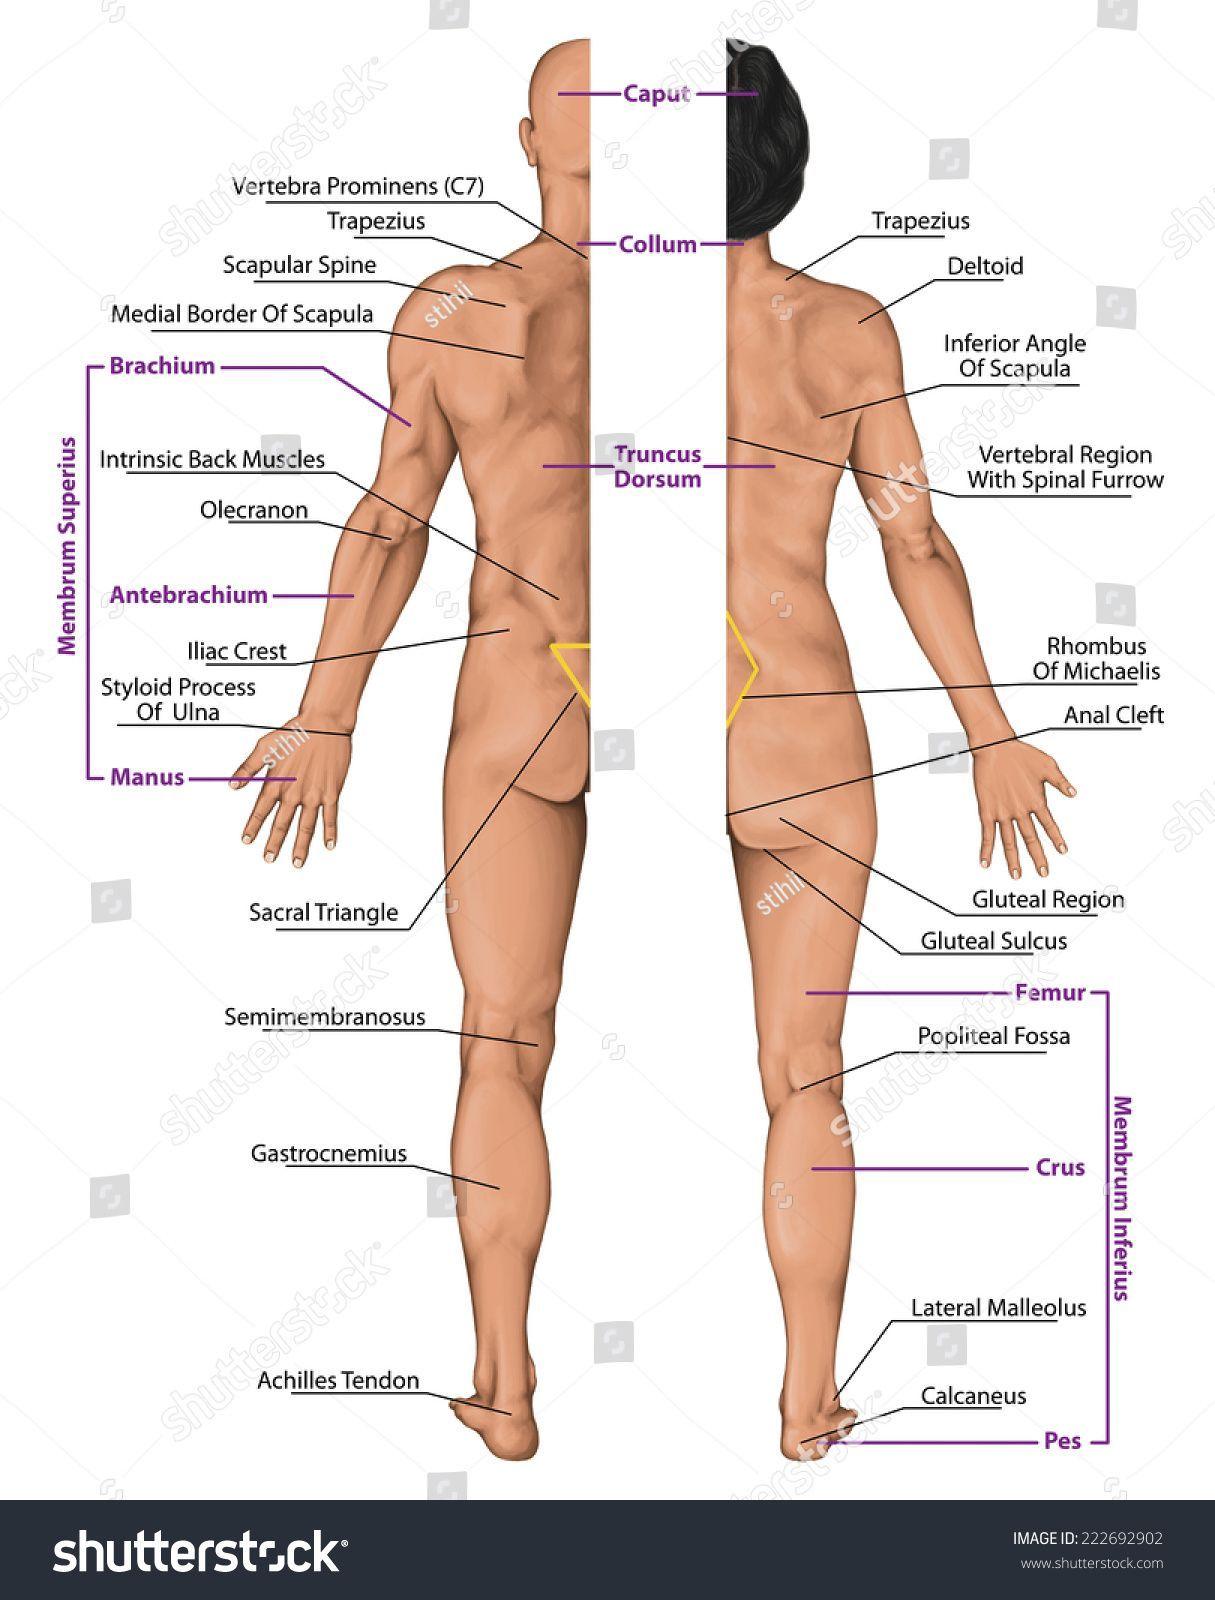 Male Female Anatomy Diagrams Male Female Anatomy Diagrams Male Female Anatomical Body Surface Anatomy Stoc Body Diagram Human Body Anatomy Human Body Diagram
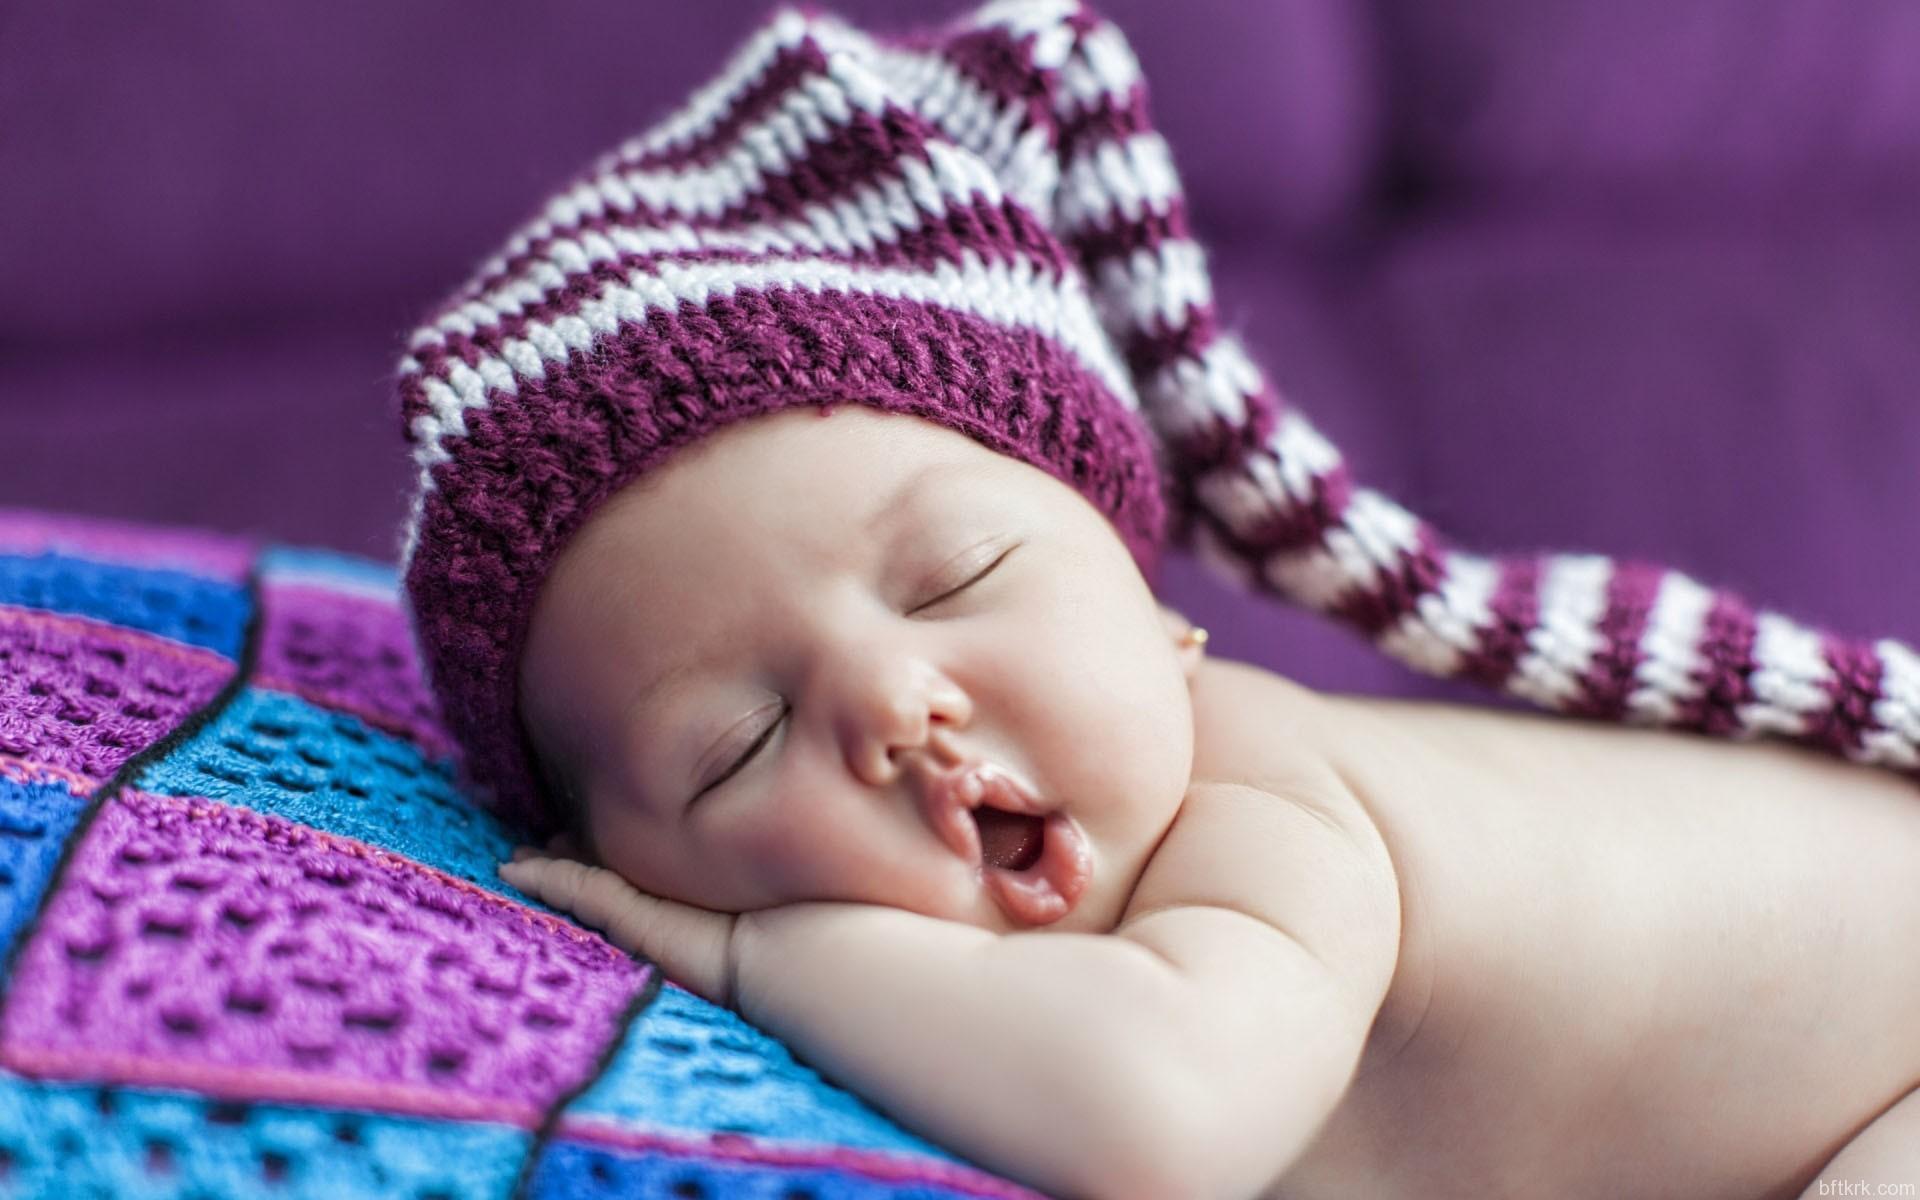 بالصور صور اطفال حلوين , اجمل صور لبرائه الاطفال 140 10
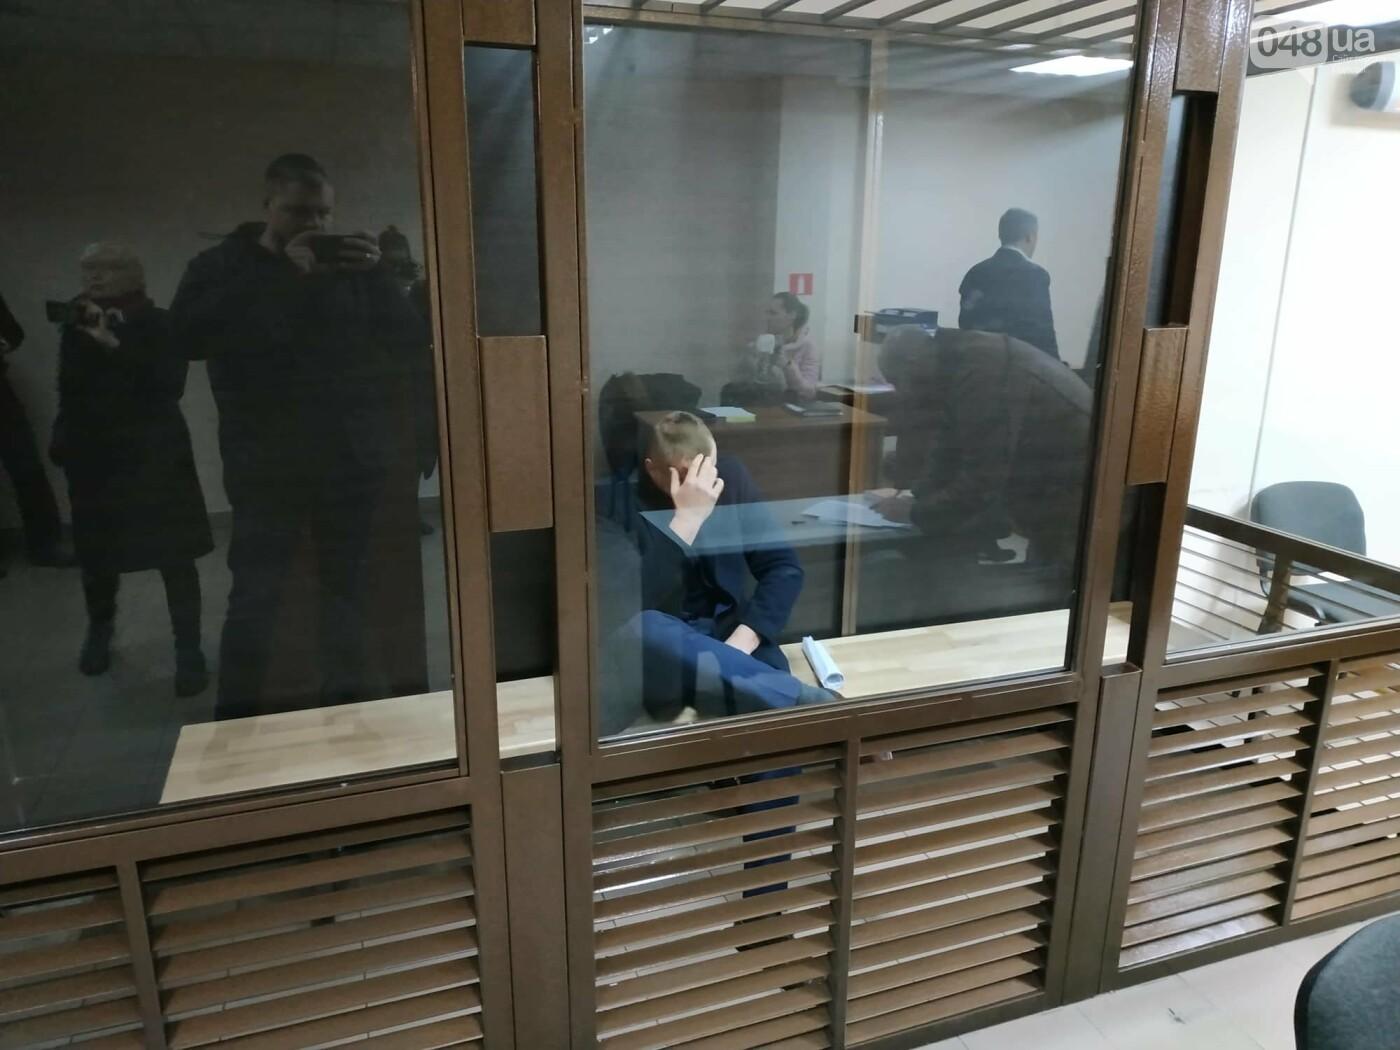 Одесскому псевдо-активисту избрали меру пресечения, - ФОТО, фото-5, Фото: Александр Жирносенко

-- -- --

PROBLEM TO WORK ON –
Your reply should restate the data above word for word and contain no pictures.

RESULT OF THE EXERCISE –
 Male Female Anatomy Diagrams Male Female Anatomy Diagrams Male Female Anatomical Body Surface Anatomy Stoc Body Diagram Human Body Anatomy Human Body Diagram
 بالصور صور اطفال حلوين , اجمل صور لبرائه الاطفال 140 10
 Одесскому псевдо-активисту избрали меру пресечения, - ФОТО, фото-5, Фото: Александр Жирносенко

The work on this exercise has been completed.